Automated tests need your contributions!

One bad thing about infrastructural projects is a long time until they bring tangible results. Until then you need to keep pushing your vision and work on implementing it. Our work on making the CLI fully programmable is of that kind: it took a long time, it required a lot of hard design and implementation decisions, but its outcomes are starting to change every part of the system for the better.

One thing is that automated tests finally became possible. Development images include a set of "smoke tests" that everyone can run on their system and see if they pass.
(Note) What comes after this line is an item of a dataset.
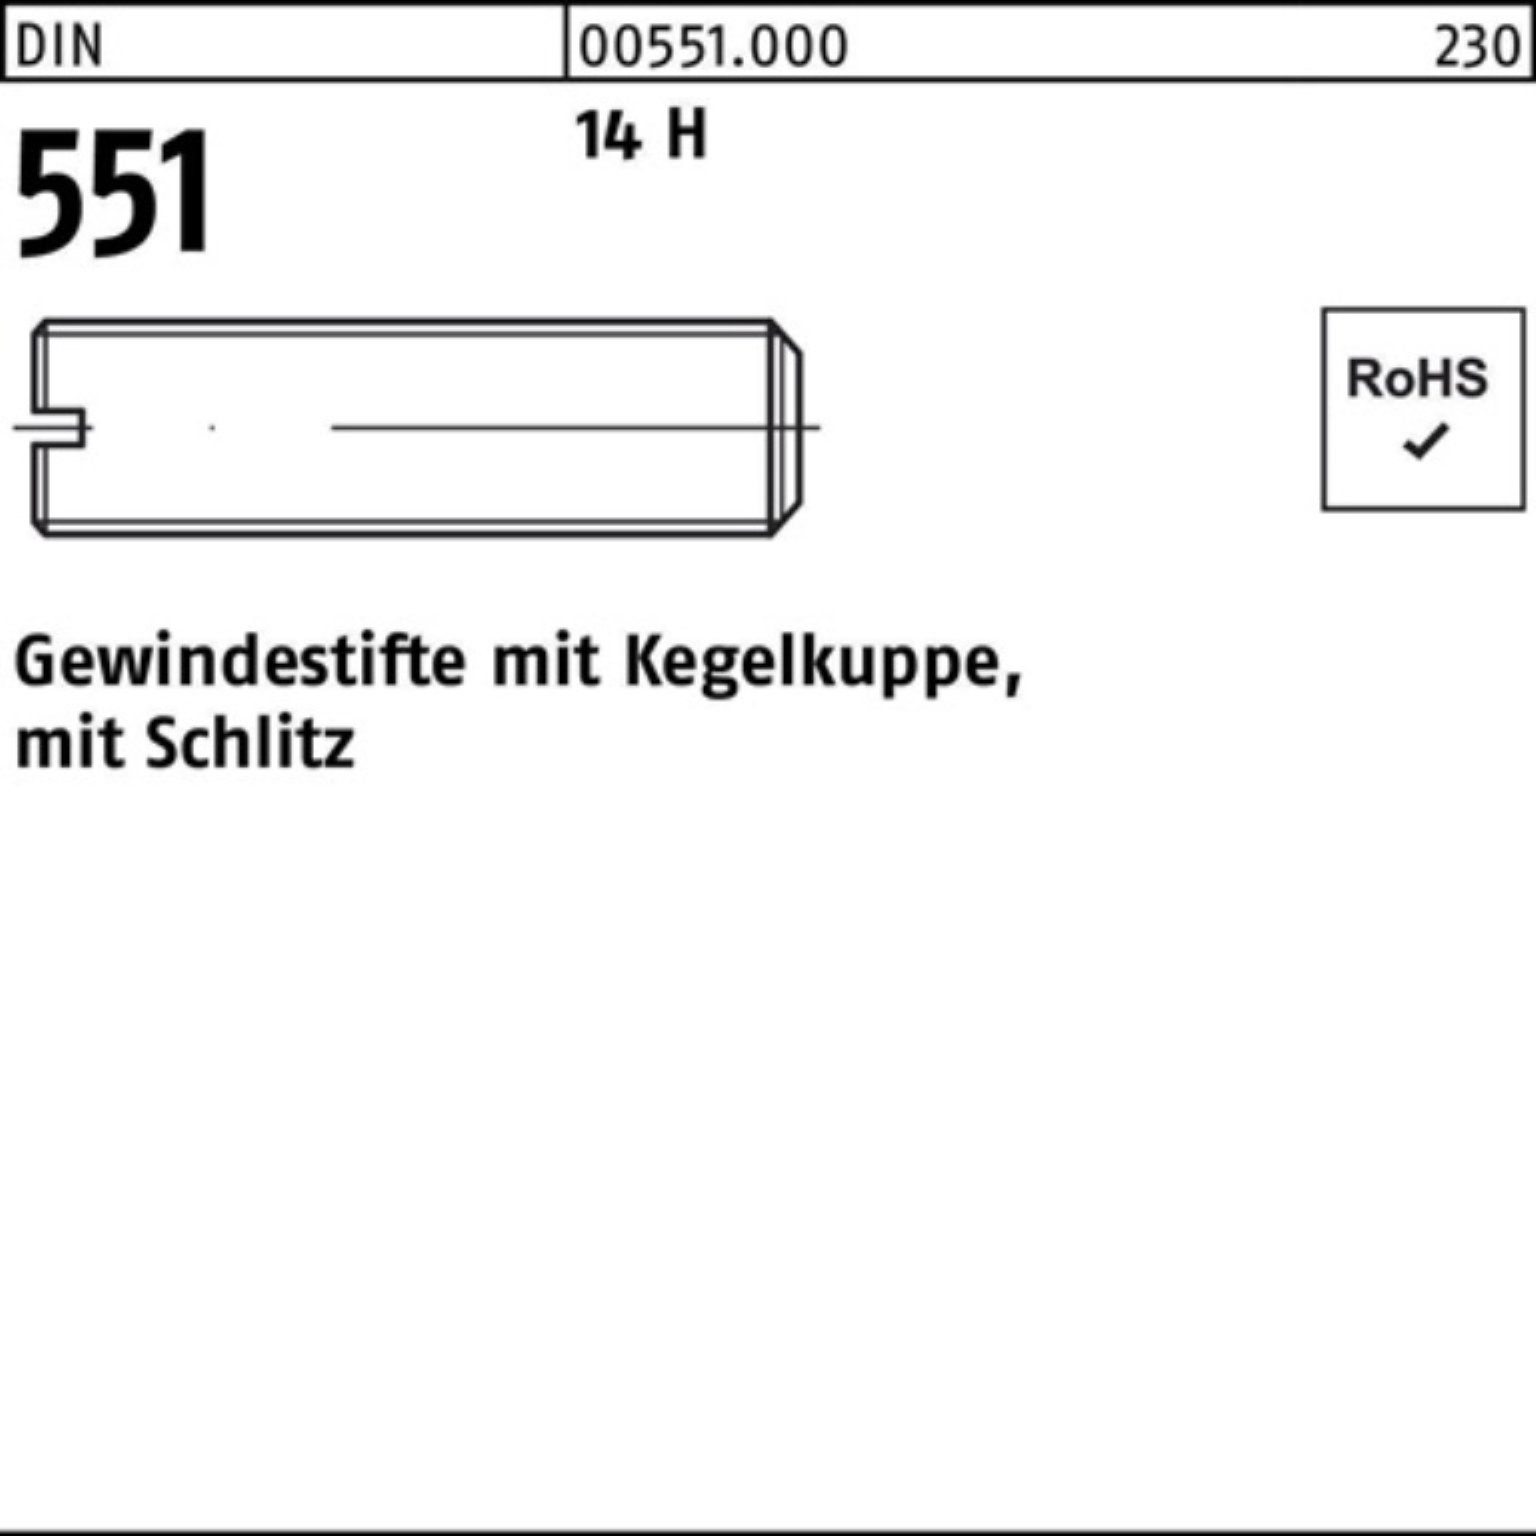 Reyher Gewindebolzen 100er Pack Gewindestift DIN 551 Kegelkuppe/Schlitz M1,6x 2 14 H 100 St
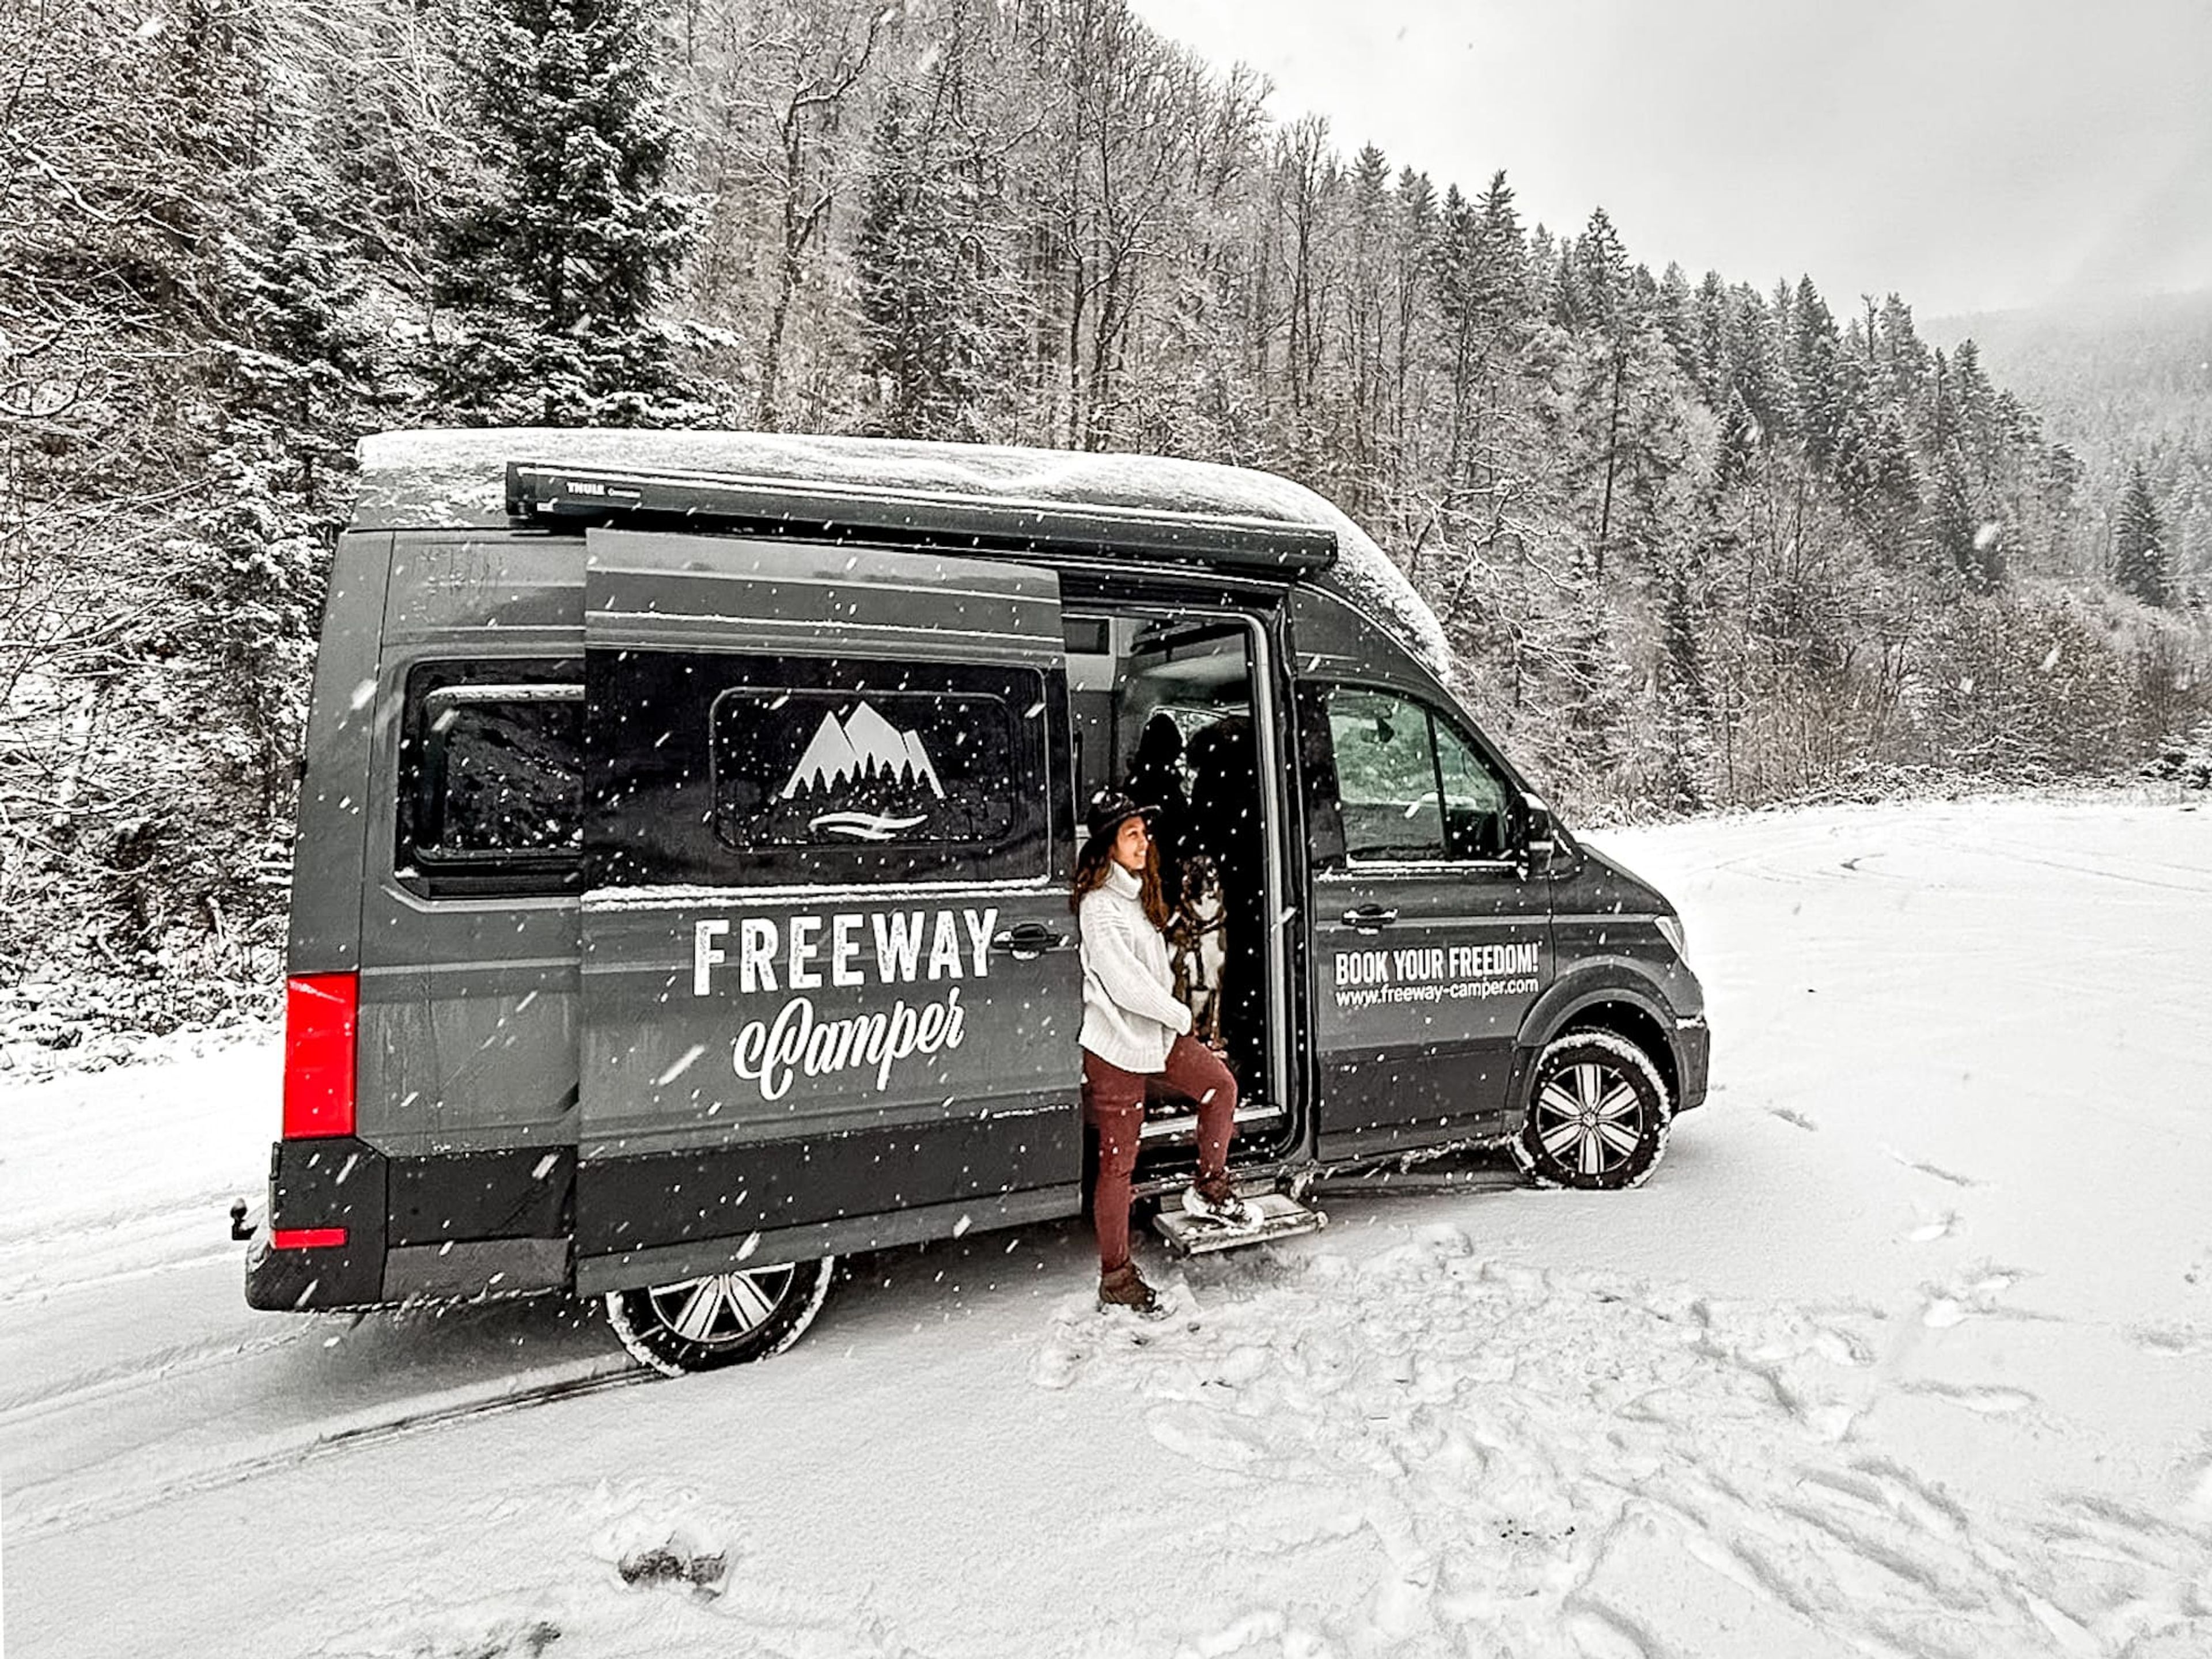 Viaggio in camper in Austria in inverno: una donna esce dal van sulla neve. Sullo sfondo gli abeti ricoperti da neve.

For example, consider this SSH test script.

vyos@vyos-test:~$ /usr/libexec/vyos/tests/smoke/cli/test_service_ssh.py 
...VRF "ssh-test" does not exist

.
----------------------------------------------------------------------
Ran 4 tests in 34.160s

OK

Their performance isn't stellar (because our commit performance isn't stellar in general—we are working on that too). But, we also need more tests. Many scripts we have are rather rudimentary. So, if you are looking for a starting point for contributing and don't know where to start, heading to smoketest/scripts/cli is a good way to do that.

Together we can make refactoring VyOS code and updating packages much safer, and thus development will be faster.

Rolling release snapshots

Getting build automation for a complex project takes time, but we've mostly figured it out by now, and this month we will finally release the first monthly snapshots of the rolling release. Those images will help us bridge the gap between the "potentially broken at any time" nightly builds and the fully stable but slow moving LTS release.

IS-IS support and routing protocol script rewrites

Thanks to support for IS-IS in the FRR routing protocol suit, we can support it. Latest nightly builds include a CLI for IS-IS. There has been quite a debate regarding the command naming, but most people voted for "isis", so now it's under "set protocols is-is".

Other protocols aren't neglected either. BGP now uses the new style scripts and commands. Eventually all old-style, messy code will be gone and maintenance will become much easier.

1.3 soft freeze coming in January

In the Northern hemisphere, January is the coldest month. That's a perfect time for a code freeze. VyOS 1.3 (equuleus) branch will come to a "soft freeze", which means no untested code can go there, and the focus will be on testing and stabilization.

The new 1.4 branch will be named Sagitta, after a small constellation of the northern sky. Its name means "an arrow" in Latin. Despite its name, it's not related to the more well-known Sagittarius constellation, and isn't even located nearby:  if you want to find it in the night sky, your best landmark is the "Northern cross" asterism of Cygnus, or the Vega star.

Here's a simulated look from Stellarium.

sagitta_madrid

When everything is setup, including Phabricator milestones, we will set Sagitta as a default branch for the git repos, and all new pull requests will go into it.